Sunday, February 10, 2013

Why the First Cause argument doesn't work

My previous post - “Show me the Money” - implies that I think direct evidence is required to remove all doubt on the existence of something that has been claimed. To address the other channel by which a claim can be agreed upon, let me discuss “rational” argument using the example of the Argument from First Cause . Of course, people "debating” the existence of God - or any other supernatural contrivance - will generally not have a rational argument in the sense that I use it here, but it is worth treating it as if they do.

The arguments for the existence of God often share some common characteristics:

1) They rely on ignorance. This is not meant to demean anyone - we are all ignorant about the vast number of topics there are to have knowledge of, let alone those things that we don't know can be known. The First Cause argument relies on ignorance of the cause of the universe, and can be dumbed down to “we can’t explain existence, therefore my preferred explanation applies”. The fact that we can’t explain existence does not trouble me personally, so it could be that the ability to remain untroubled by this is one of the personality traits that make non-belief so easy for me. Personal trivia aside, assume that no one knows what caused the universe. What would motivate someone to think that our absence of knowledge can only lead us to a conclusion that “God” is responsible? Not only does the assumption that something other than what can be observed must be the cause **complicate** the explanation instead of simplify it, it then is made worse by slapping on all sorts of other characteristics that magically parallel the proponent’s personal beliefs and (most often) their chosen religion. That same approach also ignores all other explanations - supernatural and natural. More than that, we really have an argument from ignorance, a false choice, a bare (unsupported) assertion, some circularity and a violation of Occam’s Razor - all in one argument.

2) Having just mentioned the False Choice fallacy, let’s discuss it next. Assuming (as we are) that no one knows what caused the universe, the possible explanation should not be limited by a personal preference. For instance, why not Zeus? Why not David Berkowitz’s neighbor’s dog Sam? Why not a cosmic joke? Why not a quantum fluctuation? The cold reality is that the universe is as it is, and none of our personal preferences or biases are relevant in the grand scheme of things. We may someday understand where our observable universe came from. We may never understand it. That we might like it to be a certain way - for instance with an omnipotent father figure in charge - will not and can not have any bearing on reality.
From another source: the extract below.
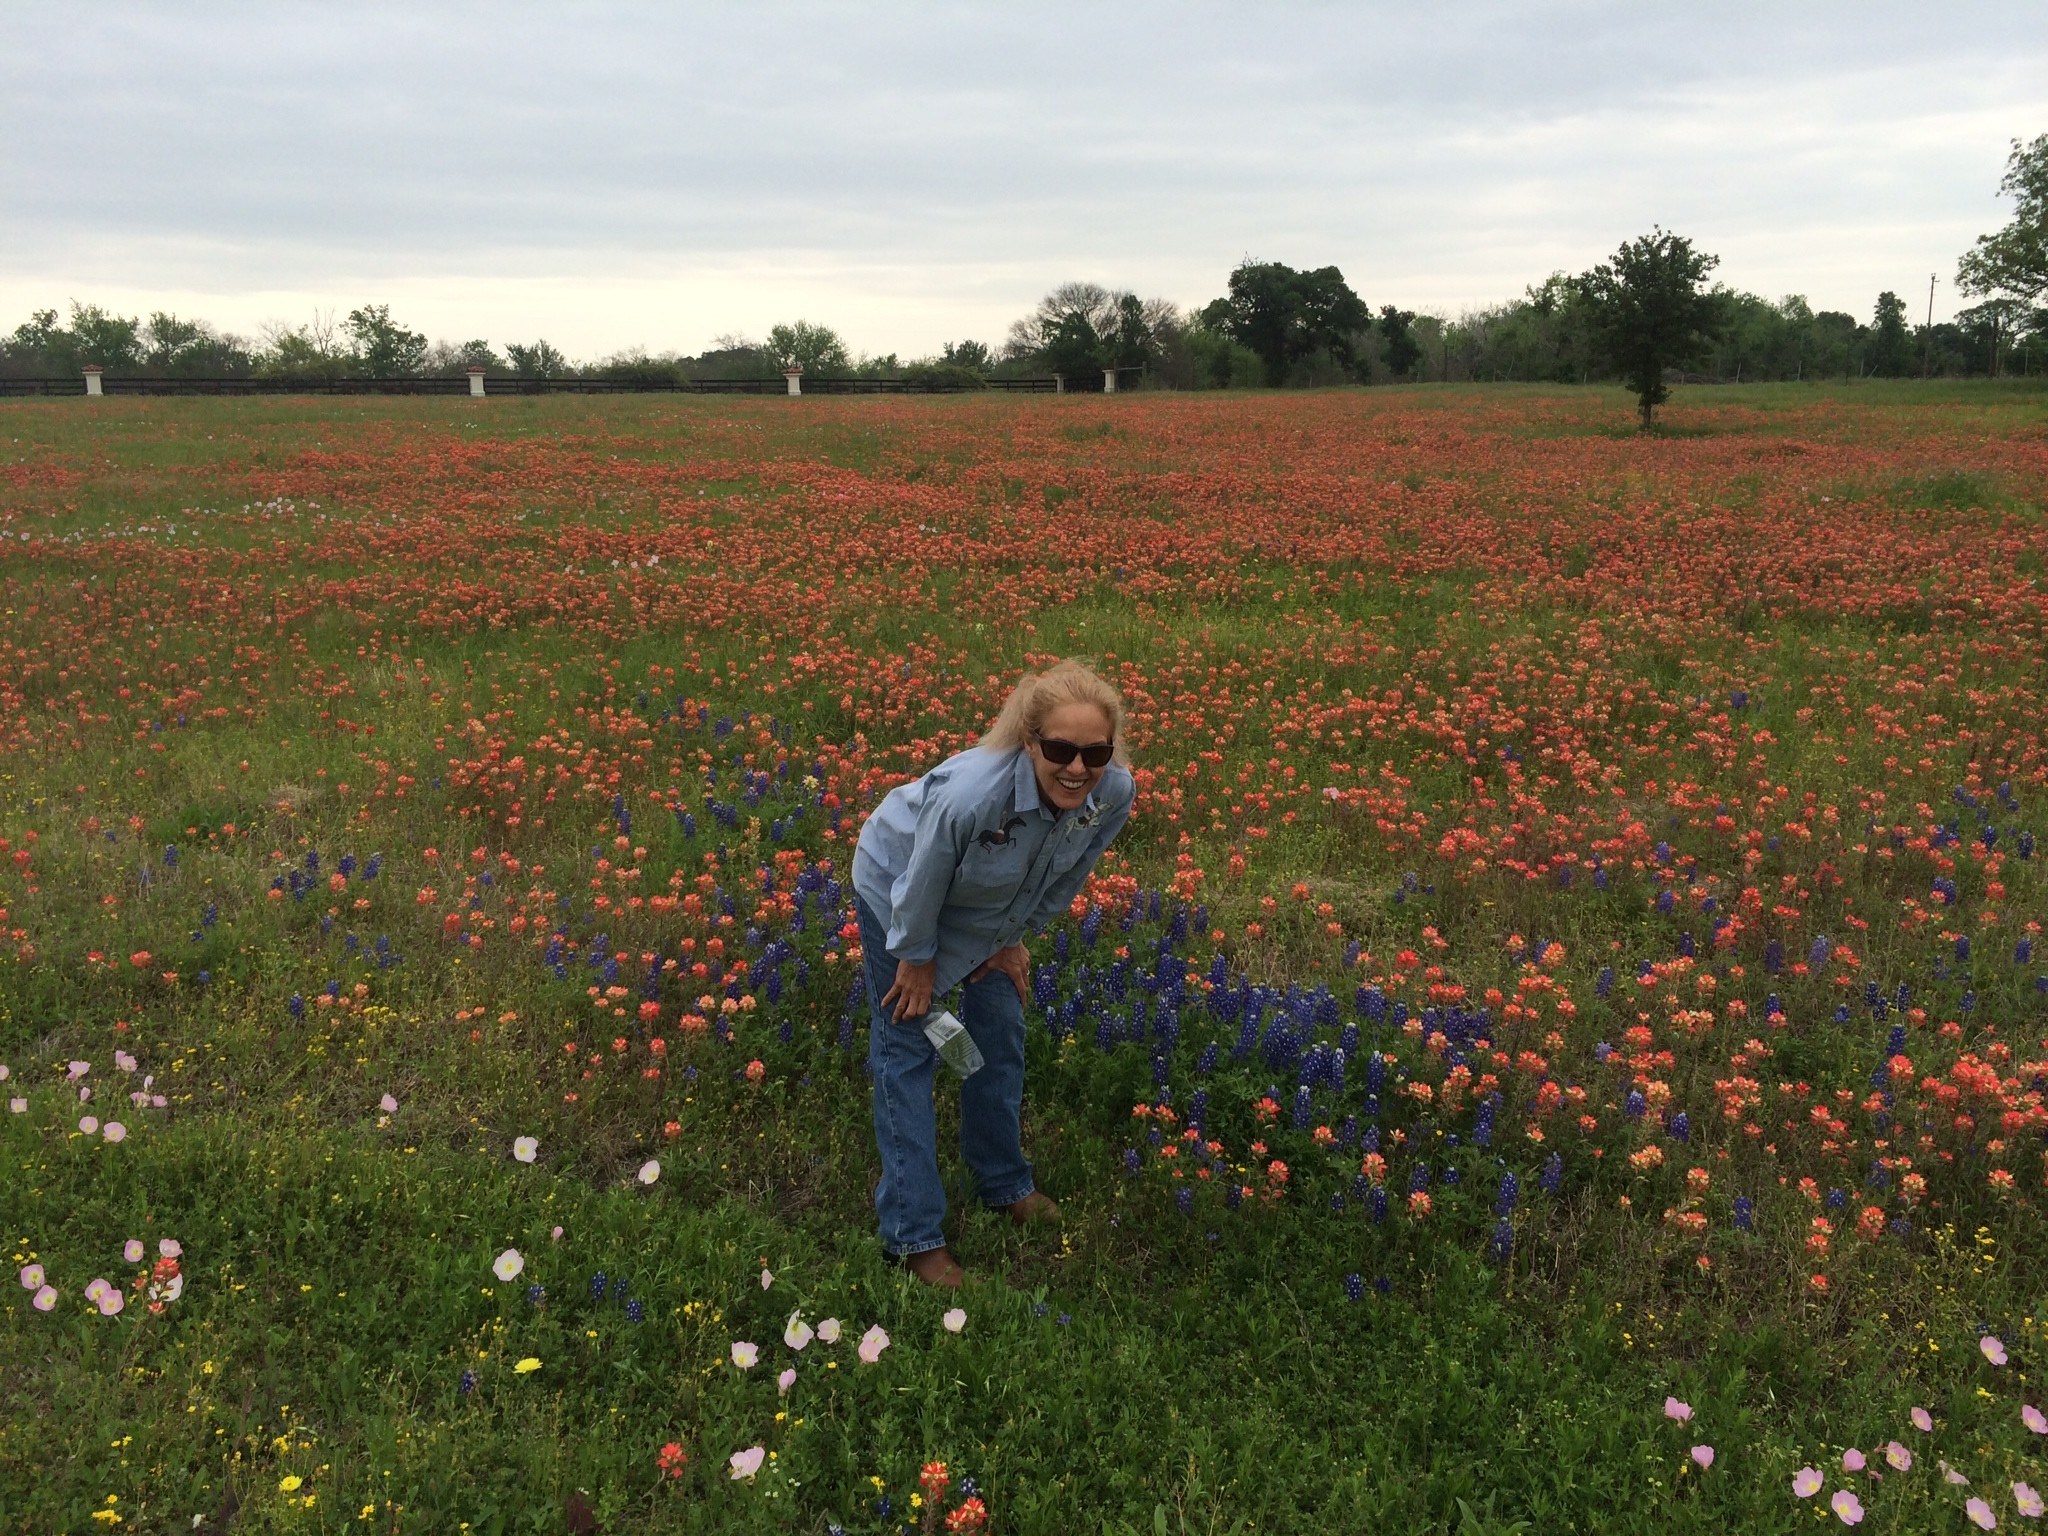 2048x1536 From Nacogdoches we head west looking for the Texas Bluebonnets  that,according to wildflower web sites, are at their peak. Around Conroe  Texas we have our ...

So the potential explanations for the question “what caused the universe” are logically open to anything that is not logically impossible. It is not logically impossible that a God exists, but it is extremely more improbable than a purely natural explanation. No matter how improbable the universe may truly be, the existence of a system beyond the universe, in which a God can exist in order to create and be in charge, is enormously more unlikely. All purely natural explanations are thus more likely.

3) The Bare Assertion Fallacy is an “arbitrary dogmatic statement which the speaker expects the listener to accept as valid”. No evidence or rational argument is offered, that’s just the way it is because I said so.

Obviously, you can reject this without further discussion. They’re just expecting you to accept them as an authority. Unless you have reason to, this is a non-starter.

4) Circular Reasoning is a direct outcome of Bare Assertion. In fact, the two are joined at the hip. You can’t assume in a premise, what you’re trying to arrive at as a conclusion.

’Nuff said.

5) Since I already smuggled Occam's Razor into the discussion of False Choice, let me give it a slightly better treatment. Using the example that Dr. William Lane Craig often uses - that the complexity of the universe is too great to be explained by natural means - let’s examine how God might be a more likely (probable) conclusion. As we know, “...among competing hypotheses, the one that makes the fewest assumptions should be selected”. This is just a matter of probability. If you have a one-in-six chance of rolling a six using a single die, than adding a second die lowers the probability that a single throw will produce a six. There is one way to roll a six using one die - or 16.67% probability. Two dice produce 5 ways out of 36 in which to roll a six - or 13.89%. This is over-simplistic, but makes the point. To really put an exclamation point on it, you can argue that God is a die that is more complicated than the universe, thus requiring more faces, thus lowering the odds of rolling that six even further.

Summary: Arguments about God don't prove anything. More generally, arguments between people, and organized debates don’t prove anything - they just attempt to persuade the participants or audience to change their opinions. After all is said and done, we’re still stuck with the fact that the universe does not care about our opinions.